Answer: (a) No; (b) No.

After each meet of two chameleons, the numbers of chameleons of two colours decrease by 1 and the number of chameleons of the remaining colour increases by 2. Thus the difference of the numbers of chameleons of each two colours is constant modulo 3. As the remainders modulo 3 of the numbers of chameleons of different colours are pairwise distinct in the beginning, the numbers of chameleons of no two colours can become equal. This also implies that all chameleons cannot be of the same colour since then the numbers of chameleons of two other colours would be equal to 0.

---

Alternative solution.

a. If there were equally many chameleons of each colour, the common number of chameleons of each colour would be 20. To keep the number of brown chameleons all in all unchanged, there must be 2 decreases by 1 per each increase by 2. Hence the total number of meets must be $3x$ for some integer $x$. For changing the number of green chameleons from 25 to 20, there must be 5 decreases by 1 and, in addition, 2 decreases by 1 per each increase by 2. Hence the total number of meets must be $5+3y$ for some integer $y$. Thus $3x=5+3y$, but this equation has no integral solutions.
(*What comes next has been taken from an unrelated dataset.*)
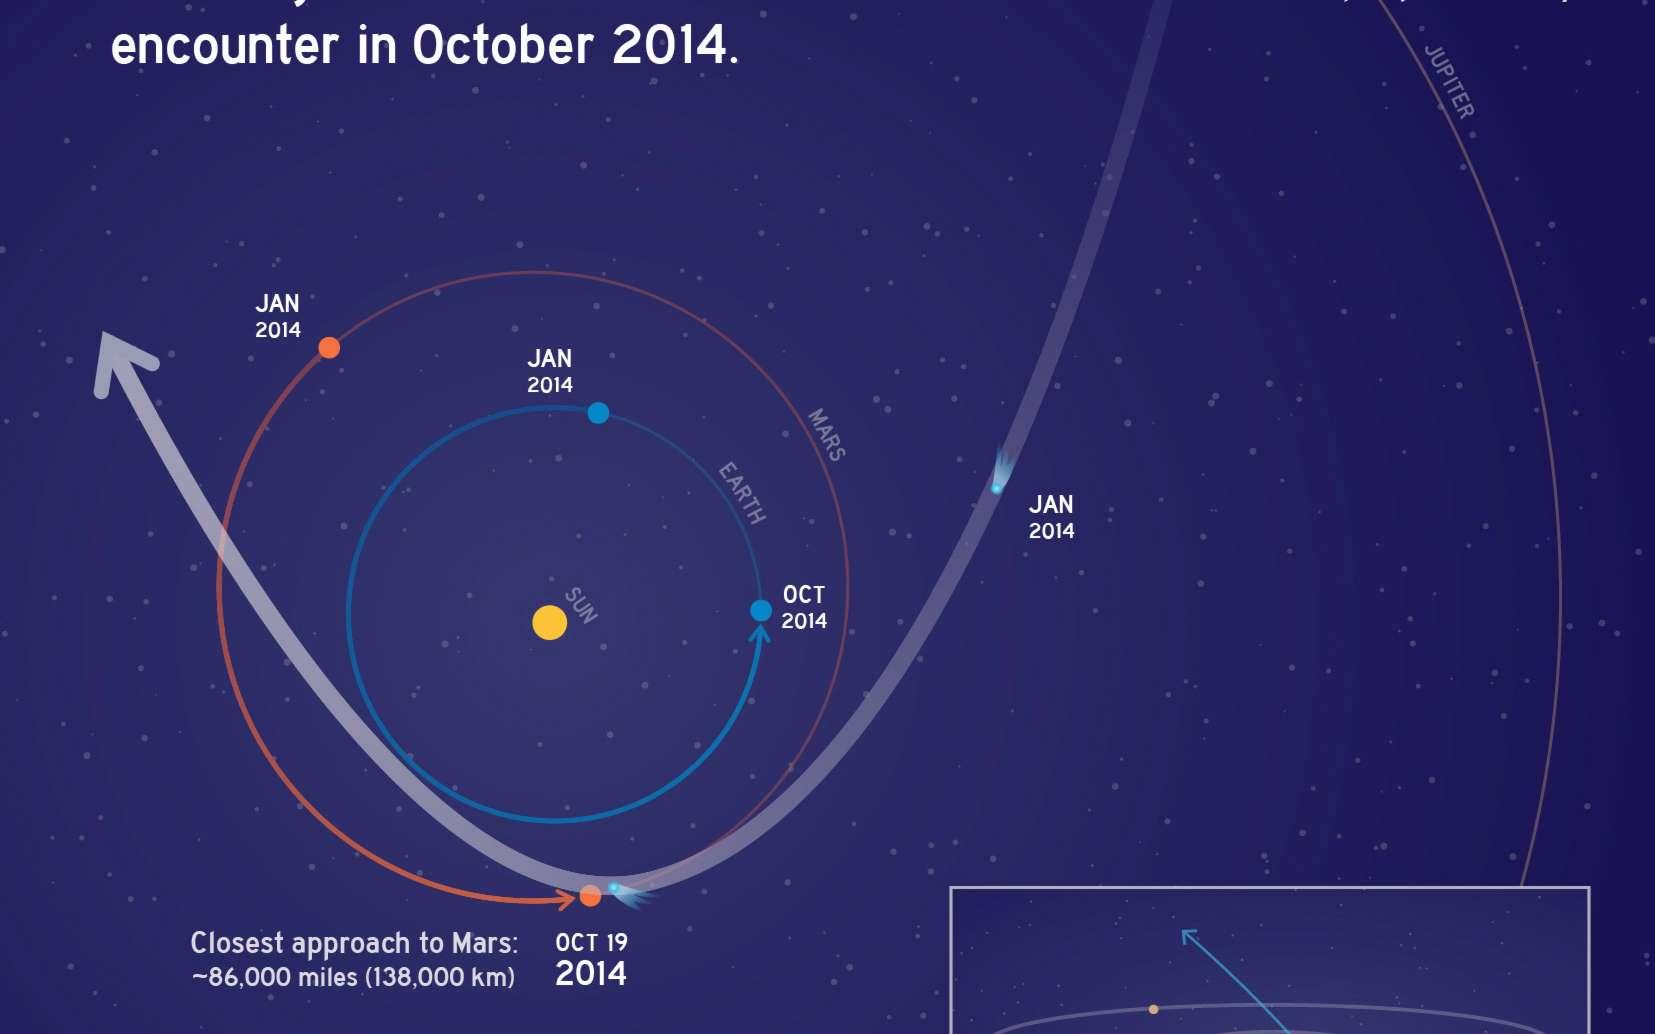 Schéma montrant l'orbite et la trajectoire de la comète Siding Spring lors de son passage attendu au-dessus de Mars en octobre 2014. Les poussières qu'elle apportera pourraient endommager les sondes en orbite autour de la Planète rouge. © Nasa
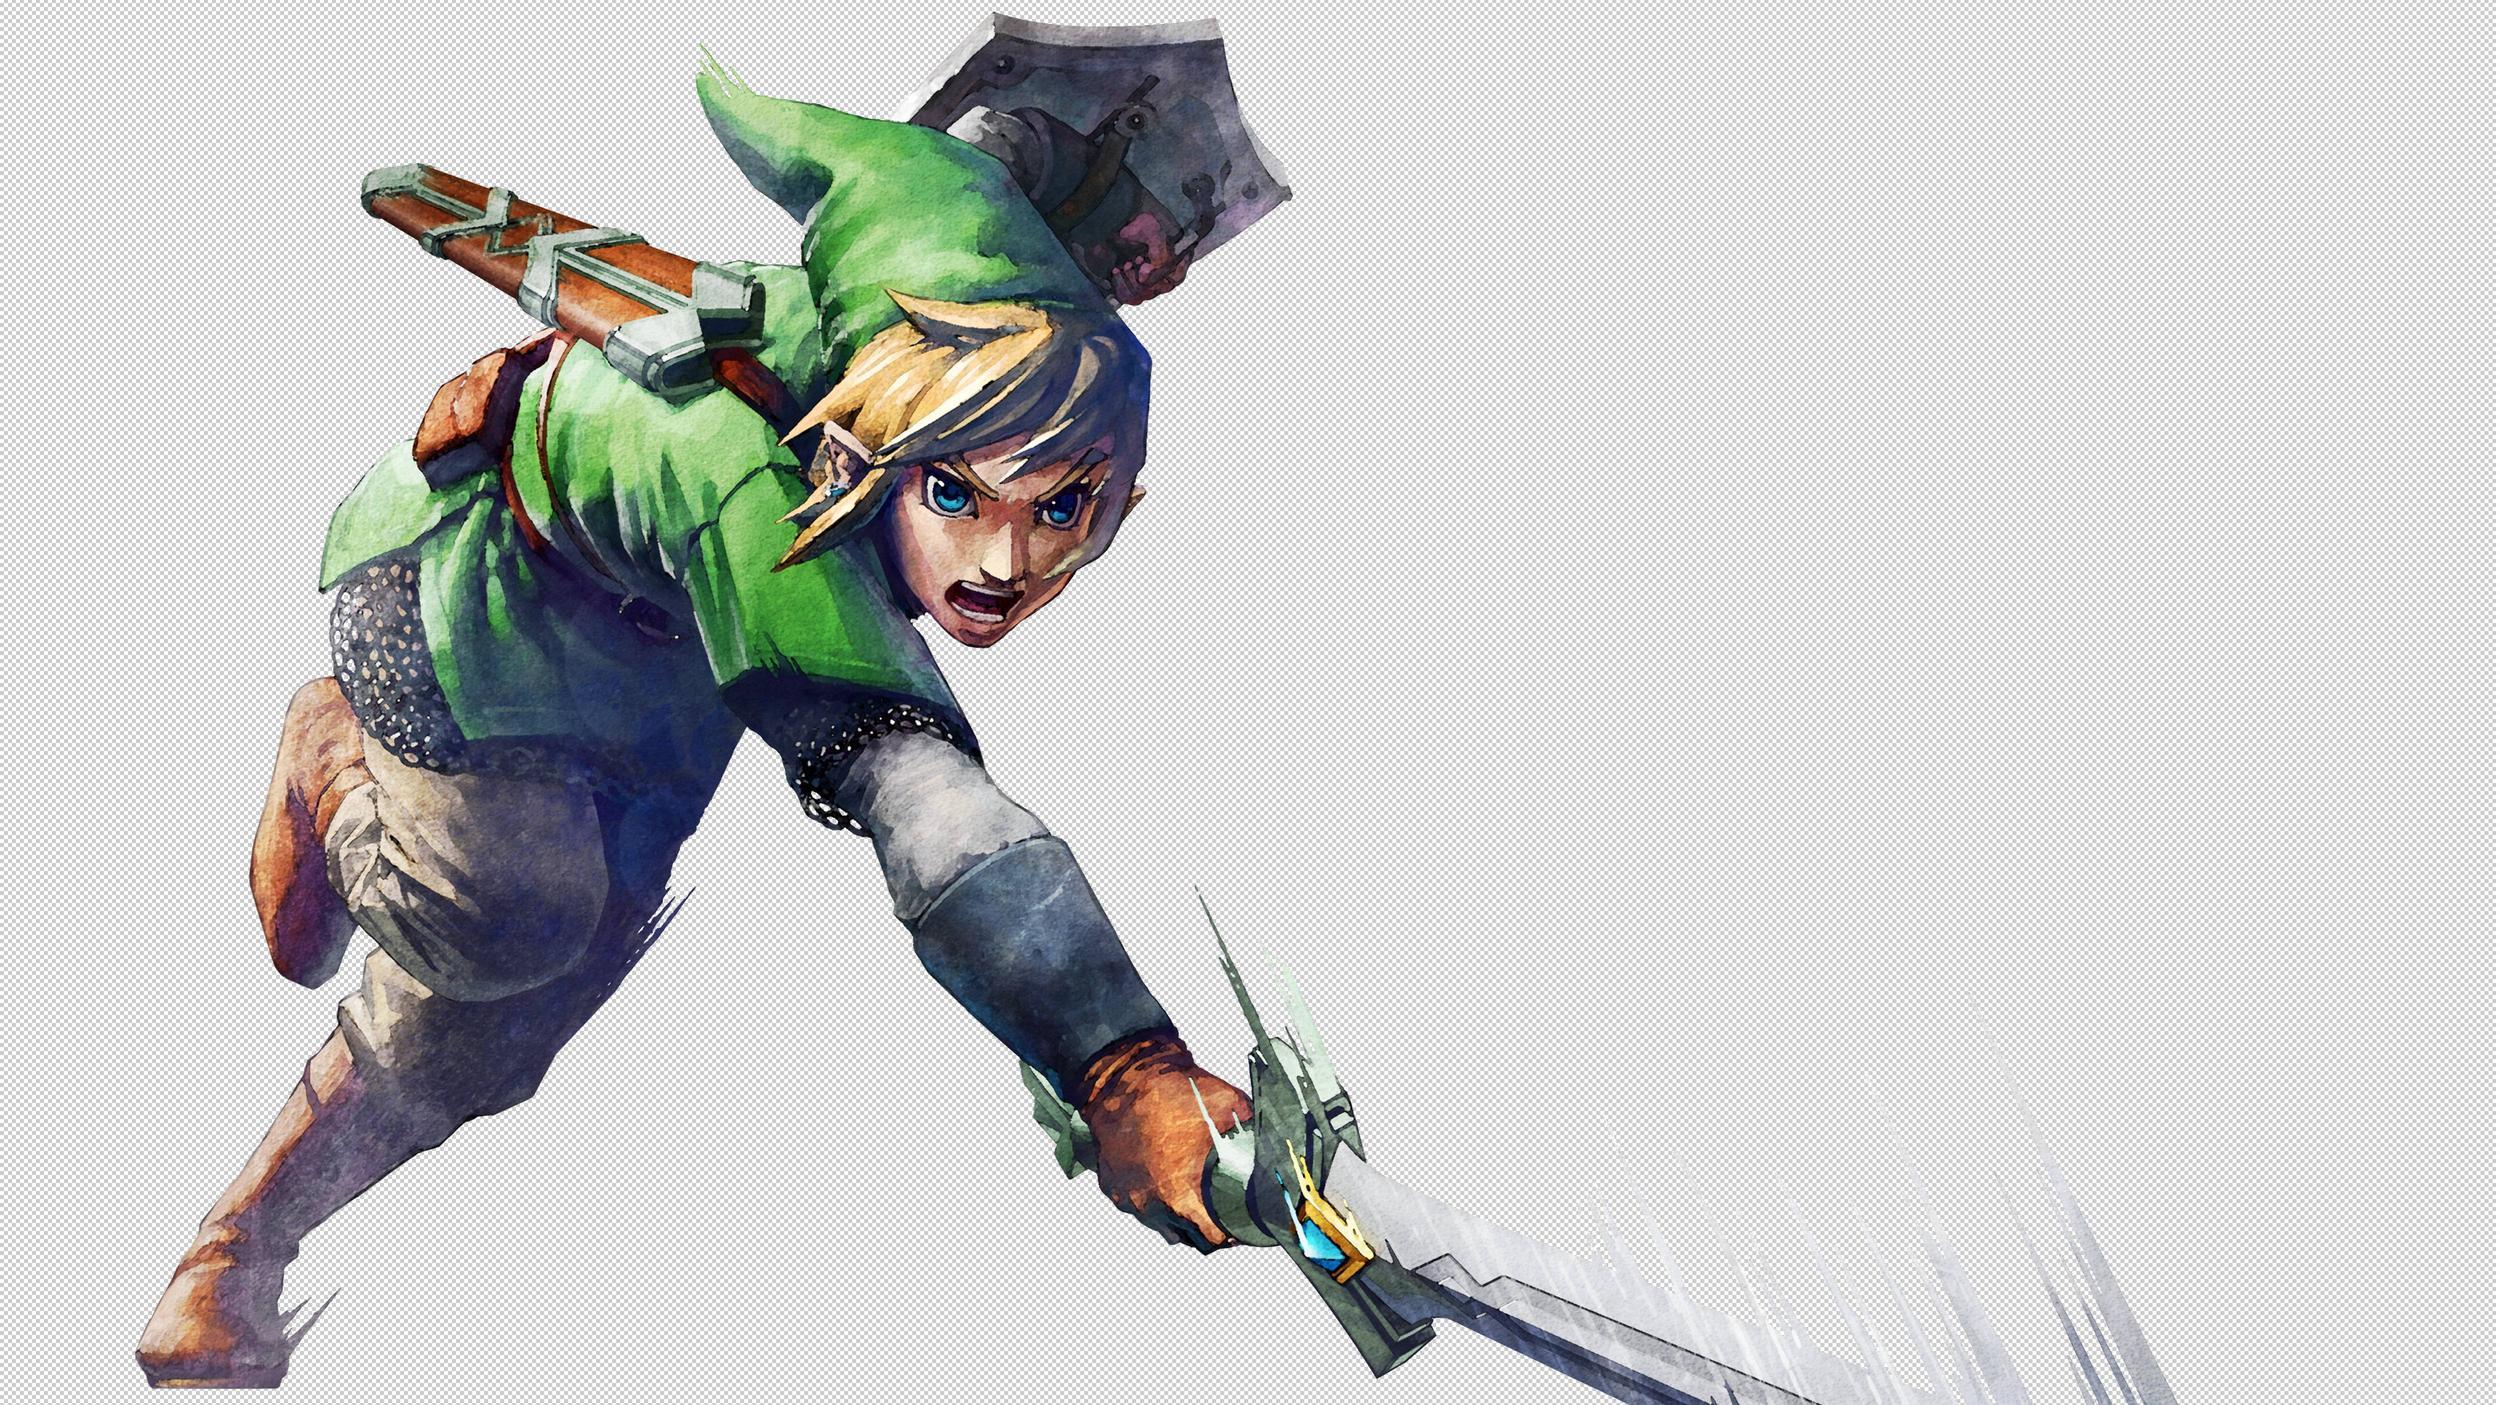 Legend Of Zelda Link Wallpapers - Wallpaper Cave

b. Analogously, if the number of brown chameleons were 60 then the number of meets must be $20+3x$ for an integer $x$; then the number of orange chameleons would be 0, requiring $15+3y$ meets for an integer $y$, but the equation $20+3x=15+3y$ has no integral solutions. If the number of brown chameleons were 0 then the number of meets must again be $20+3x$. If the number of orange chameleons were also 0 then the number of meets would be $15+3y$ for an integer $y$ leading to the same equation; if the number of green chameleons were 0 then we would get the equation $20+3x=25+3y$ which also does not have integral solutions.